> **Directions for this task**: Transcribe word for word each line from the one containing "kalkulacyjnego i innych" to the final line of the data, both included. Skip the pictures.

> **Dataset extract**:

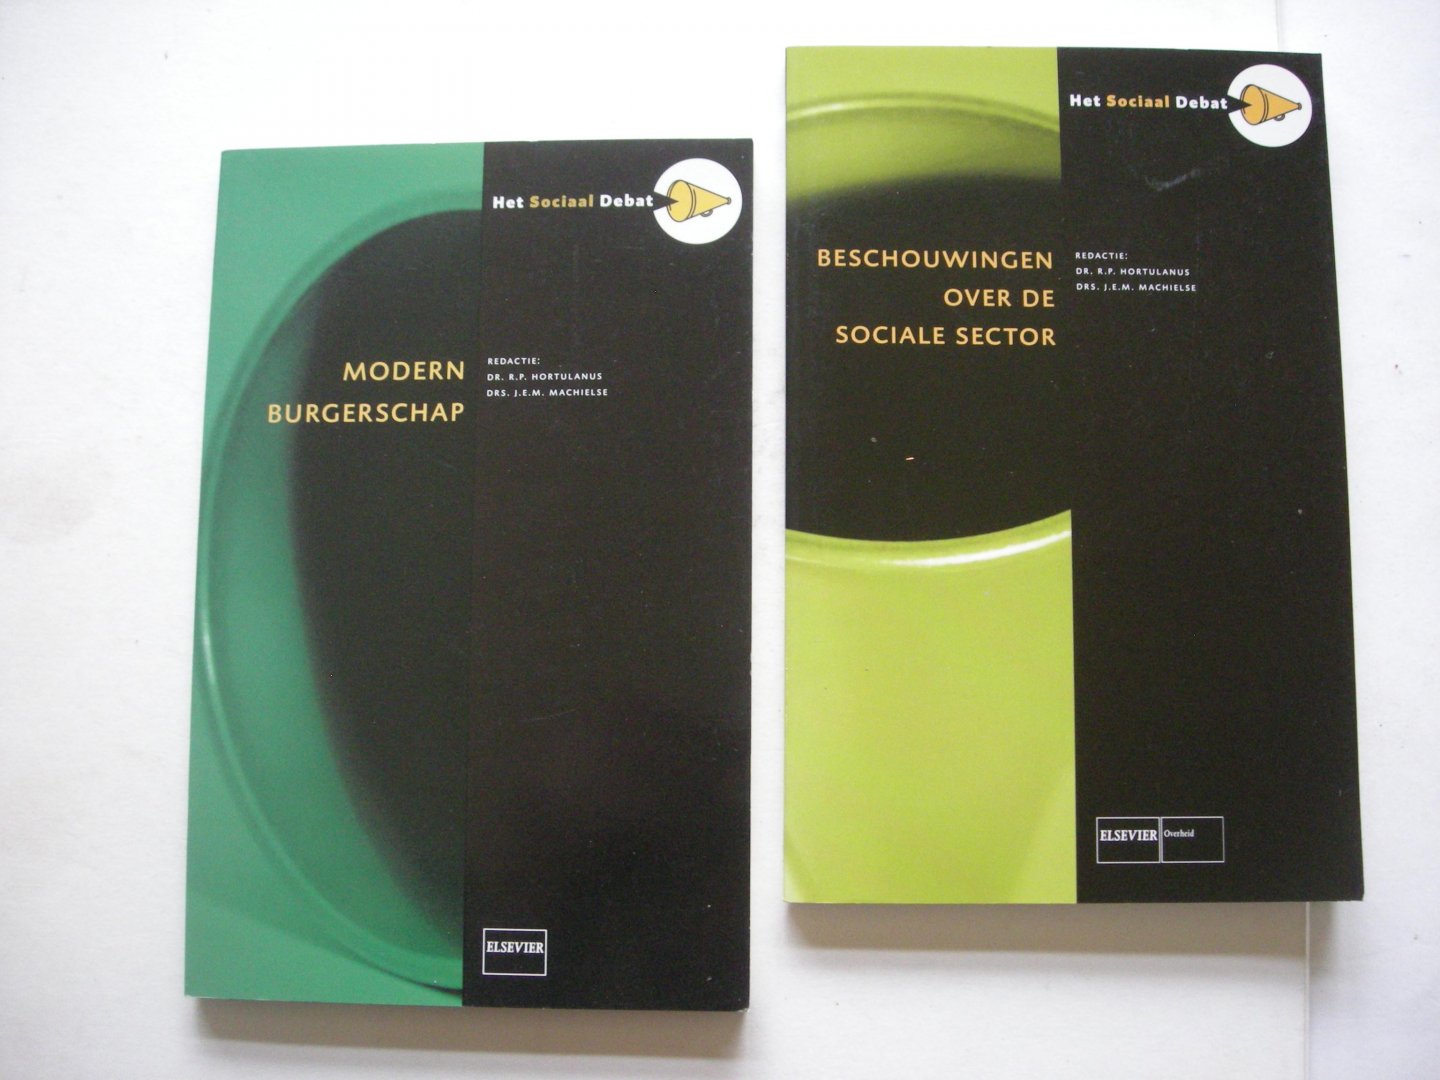 Hortulanus, R.P. / Machielse, J.E.M., red. - Beschouwingen over de sociale sector. Het Sociaal Debat deel 9
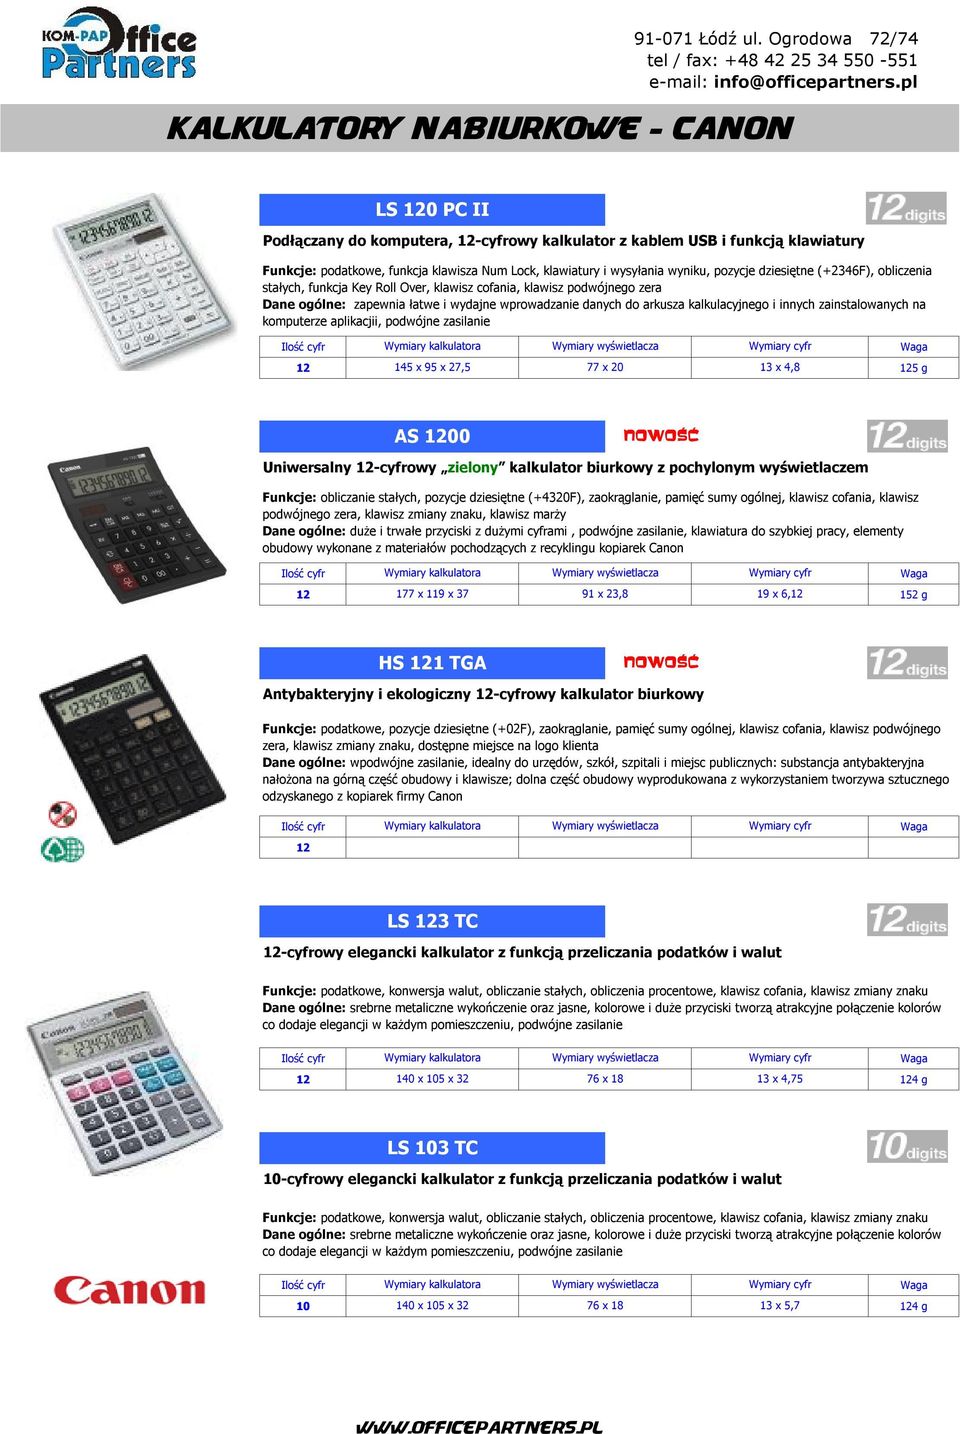 kalkulacyjnego i innych zainstalowanych na komputerze aplikacjii, podwójne zasilanie 12 145 x 95 x 27,5 77 x 20 13 x 4,8 125 g AS 1200 Uniwersalny 12-cyfrowy zielony kalkulator biurkowy z pochylonym
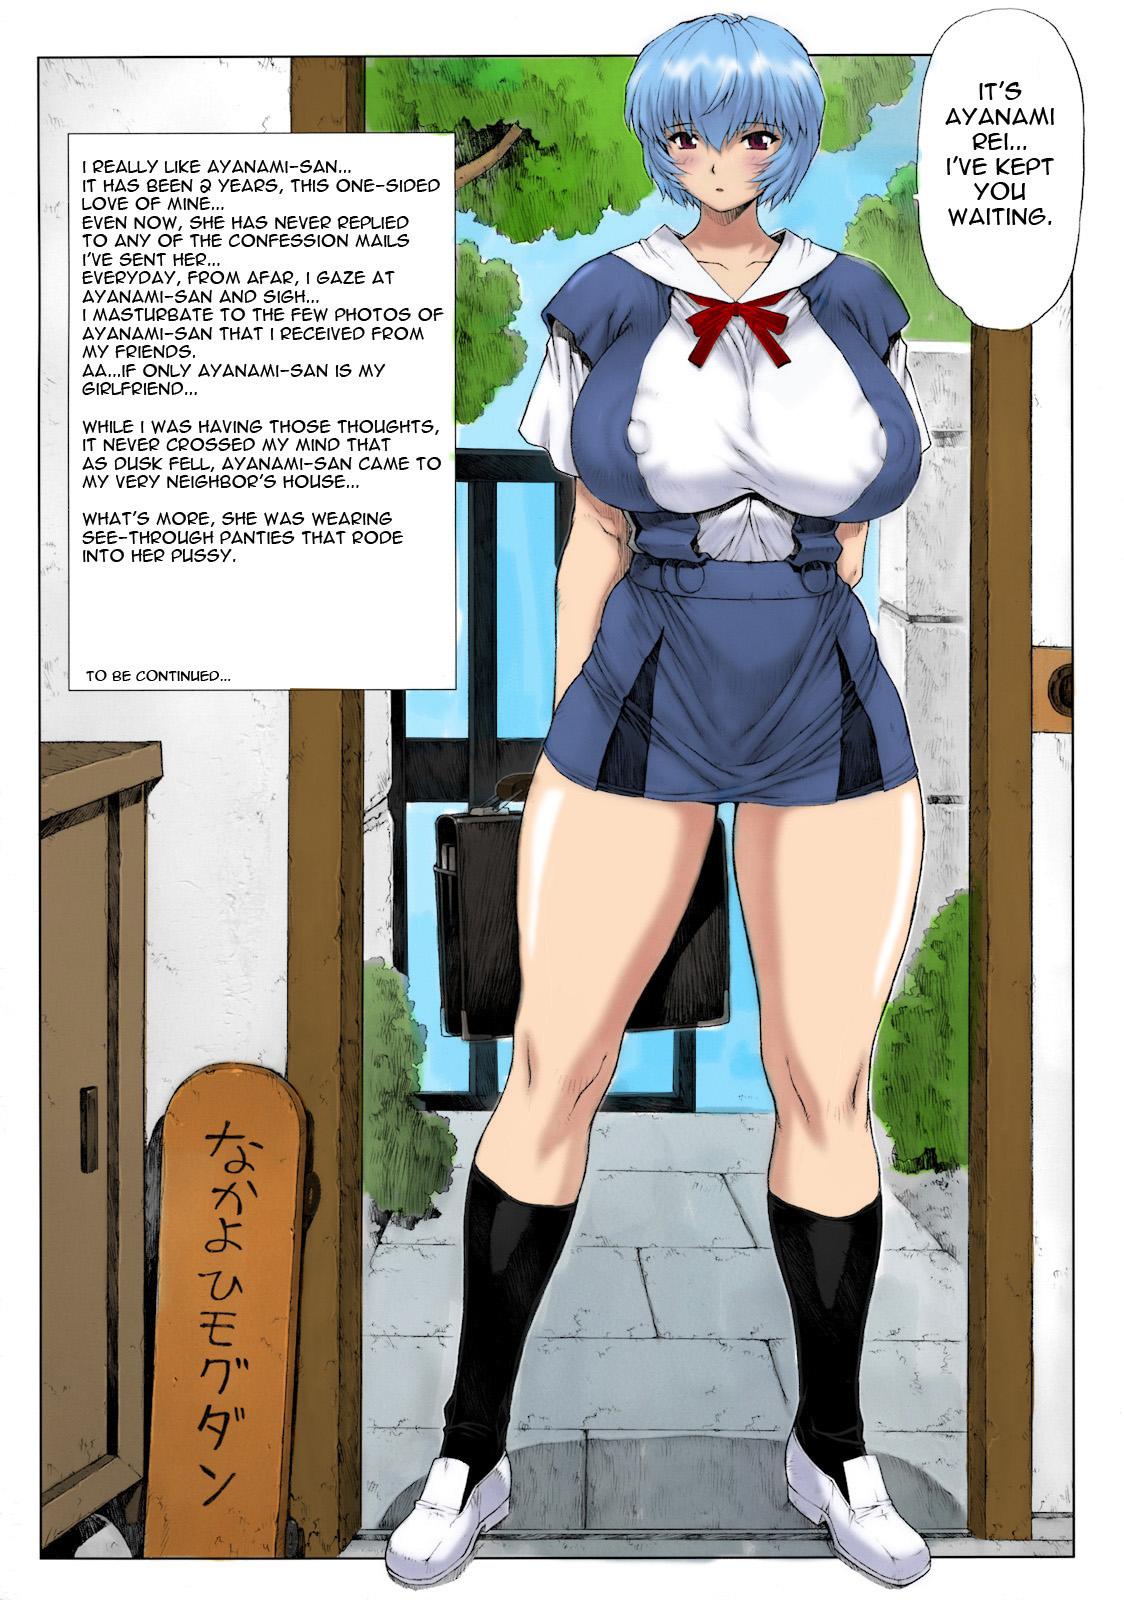 Butt Sex Ayanami Dai 2 Kai - Neon genesis evangelion Stunning - Page 2

> **Solved exercise**:
 kalkulacyjnego i innych zainstalowanych na komputerze aplikacjii, podwójne zasilanie 12 145 x 95 x 27,5 77 x 20 13 x 4,8 125 g AS 1200 Uniwersalny 12-cyfrowy zielony kalkulator biurkowy z pochylonym
 Butt Sex Ayanami Dai 2 Kai - Neon genesis evangelion Stunning - Page 2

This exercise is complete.